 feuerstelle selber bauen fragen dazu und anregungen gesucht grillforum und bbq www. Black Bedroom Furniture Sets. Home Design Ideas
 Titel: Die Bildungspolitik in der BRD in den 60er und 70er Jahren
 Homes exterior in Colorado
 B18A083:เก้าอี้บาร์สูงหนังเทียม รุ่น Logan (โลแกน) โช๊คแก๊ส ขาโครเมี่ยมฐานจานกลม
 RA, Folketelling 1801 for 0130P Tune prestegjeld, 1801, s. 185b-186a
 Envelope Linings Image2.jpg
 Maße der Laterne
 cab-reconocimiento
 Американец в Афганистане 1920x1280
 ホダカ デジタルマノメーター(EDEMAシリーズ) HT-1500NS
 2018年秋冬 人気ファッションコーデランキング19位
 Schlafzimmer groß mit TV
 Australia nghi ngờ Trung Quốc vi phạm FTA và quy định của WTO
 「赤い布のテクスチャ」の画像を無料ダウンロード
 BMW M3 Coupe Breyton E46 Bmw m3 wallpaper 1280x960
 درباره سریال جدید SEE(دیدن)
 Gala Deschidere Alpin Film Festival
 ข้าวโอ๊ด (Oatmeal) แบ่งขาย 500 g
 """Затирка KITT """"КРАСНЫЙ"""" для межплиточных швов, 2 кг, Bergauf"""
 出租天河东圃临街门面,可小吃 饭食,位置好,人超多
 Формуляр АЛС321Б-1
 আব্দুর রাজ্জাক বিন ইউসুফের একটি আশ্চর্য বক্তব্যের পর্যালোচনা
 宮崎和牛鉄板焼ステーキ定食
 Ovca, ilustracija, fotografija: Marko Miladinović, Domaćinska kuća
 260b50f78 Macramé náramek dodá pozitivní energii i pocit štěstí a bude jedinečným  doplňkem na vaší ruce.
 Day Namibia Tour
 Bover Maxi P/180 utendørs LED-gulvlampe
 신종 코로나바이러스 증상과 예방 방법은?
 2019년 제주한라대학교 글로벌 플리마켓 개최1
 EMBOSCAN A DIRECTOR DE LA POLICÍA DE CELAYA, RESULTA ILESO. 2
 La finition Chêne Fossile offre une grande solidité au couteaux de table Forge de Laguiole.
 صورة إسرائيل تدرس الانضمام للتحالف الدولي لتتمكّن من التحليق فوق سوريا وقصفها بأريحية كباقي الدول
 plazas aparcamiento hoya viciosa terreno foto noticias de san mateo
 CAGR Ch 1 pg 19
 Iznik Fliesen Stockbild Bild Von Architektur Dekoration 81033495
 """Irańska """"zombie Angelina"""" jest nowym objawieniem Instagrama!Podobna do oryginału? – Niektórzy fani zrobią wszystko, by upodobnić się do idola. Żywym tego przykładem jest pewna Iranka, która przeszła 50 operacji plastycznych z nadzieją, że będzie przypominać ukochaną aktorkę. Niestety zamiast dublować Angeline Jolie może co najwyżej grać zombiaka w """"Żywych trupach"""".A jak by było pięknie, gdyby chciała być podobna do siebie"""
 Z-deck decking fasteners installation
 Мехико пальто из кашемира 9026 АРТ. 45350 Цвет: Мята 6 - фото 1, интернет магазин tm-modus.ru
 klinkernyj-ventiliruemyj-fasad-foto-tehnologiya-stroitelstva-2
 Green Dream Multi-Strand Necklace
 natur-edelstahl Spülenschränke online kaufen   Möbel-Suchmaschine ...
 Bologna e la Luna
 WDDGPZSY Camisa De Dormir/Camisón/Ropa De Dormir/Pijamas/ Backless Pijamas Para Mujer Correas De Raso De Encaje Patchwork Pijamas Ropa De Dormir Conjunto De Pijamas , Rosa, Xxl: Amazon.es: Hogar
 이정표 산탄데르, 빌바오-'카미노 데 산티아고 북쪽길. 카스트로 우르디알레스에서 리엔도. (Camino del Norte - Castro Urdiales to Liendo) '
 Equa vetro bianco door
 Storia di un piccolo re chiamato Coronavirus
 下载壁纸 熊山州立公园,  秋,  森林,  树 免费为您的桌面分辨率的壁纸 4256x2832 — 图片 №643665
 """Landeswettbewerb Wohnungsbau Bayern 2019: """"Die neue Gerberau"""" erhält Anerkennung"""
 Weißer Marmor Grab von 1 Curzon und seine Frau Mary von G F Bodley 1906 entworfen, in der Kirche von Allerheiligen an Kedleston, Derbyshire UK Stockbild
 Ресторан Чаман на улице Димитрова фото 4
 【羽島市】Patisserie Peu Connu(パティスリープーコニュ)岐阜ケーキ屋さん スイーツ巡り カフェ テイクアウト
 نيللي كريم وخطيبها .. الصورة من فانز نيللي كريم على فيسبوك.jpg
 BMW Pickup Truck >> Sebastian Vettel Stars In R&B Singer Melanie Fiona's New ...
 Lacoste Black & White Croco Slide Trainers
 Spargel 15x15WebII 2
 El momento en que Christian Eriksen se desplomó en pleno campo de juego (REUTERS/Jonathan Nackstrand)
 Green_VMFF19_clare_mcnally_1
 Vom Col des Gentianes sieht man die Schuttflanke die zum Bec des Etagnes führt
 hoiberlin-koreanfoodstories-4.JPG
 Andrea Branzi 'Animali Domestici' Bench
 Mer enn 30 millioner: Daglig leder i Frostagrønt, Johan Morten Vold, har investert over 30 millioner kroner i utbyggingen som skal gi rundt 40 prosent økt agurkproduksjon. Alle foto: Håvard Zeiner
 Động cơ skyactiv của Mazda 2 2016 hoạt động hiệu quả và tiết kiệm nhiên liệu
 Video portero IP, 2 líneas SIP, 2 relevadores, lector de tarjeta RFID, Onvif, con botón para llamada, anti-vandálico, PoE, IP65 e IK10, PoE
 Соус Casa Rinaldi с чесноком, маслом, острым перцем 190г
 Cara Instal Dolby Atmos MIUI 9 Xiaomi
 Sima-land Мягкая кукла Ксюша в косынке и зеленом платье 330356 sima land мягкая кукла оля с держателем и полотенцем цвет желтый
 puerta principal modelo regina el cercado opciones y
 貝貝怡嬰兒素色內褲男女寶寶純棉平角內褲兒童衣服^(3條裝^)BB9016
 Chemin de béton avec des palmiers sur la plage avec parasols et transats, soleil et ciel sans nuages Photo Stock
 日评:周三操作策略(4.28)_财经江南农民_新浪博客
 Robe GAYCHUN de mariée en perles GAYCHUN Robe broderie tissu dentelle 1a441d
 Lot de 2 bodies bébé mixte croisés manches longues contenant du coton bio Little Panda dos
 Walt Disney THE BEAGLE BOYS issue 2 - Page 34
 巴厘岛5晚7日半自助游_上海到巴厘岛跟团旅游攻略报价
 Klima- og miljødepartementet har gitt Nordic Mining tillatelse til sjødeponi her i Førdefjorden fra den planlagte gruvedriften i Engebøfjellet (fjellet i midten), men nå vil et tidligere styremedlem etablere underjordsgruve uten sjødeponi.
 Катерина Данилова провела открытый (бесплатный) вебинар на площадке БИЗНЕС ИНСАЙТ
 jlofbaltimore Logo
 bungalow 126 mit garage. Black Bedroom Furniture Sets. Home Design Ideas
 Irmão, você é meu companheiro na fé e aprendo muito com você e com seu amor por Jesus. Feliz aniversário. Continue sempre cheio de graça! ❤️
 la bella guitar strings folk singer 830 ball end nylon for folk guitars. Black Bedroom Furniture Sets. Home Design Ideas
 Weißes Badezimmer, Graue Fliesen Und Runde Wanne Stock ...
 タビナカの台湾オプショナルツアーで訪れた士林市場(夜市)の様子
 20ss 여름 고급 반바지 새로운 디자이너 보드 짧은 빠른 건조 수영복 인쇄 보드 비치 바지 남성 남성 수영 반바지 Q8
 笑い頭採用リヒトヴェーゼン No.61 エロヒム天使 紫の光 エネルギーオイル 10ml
- - - -
▶ **WHAT THE TASK REQUIRES**
Reproduce each line from the records that contains the word "Stockbild".

▶ **EXERCISE ANSWER**
 Iznik Fliesen Stockbild Bild Von Architektur Dekoration 81033495
 Weißer Marmor Grab von 1 Curzon und seine Frau Mary von G F Bodley 1906 entworfen, in der Kirche von Allerheiligen an Kedleston, Derbyshire UK Stockbild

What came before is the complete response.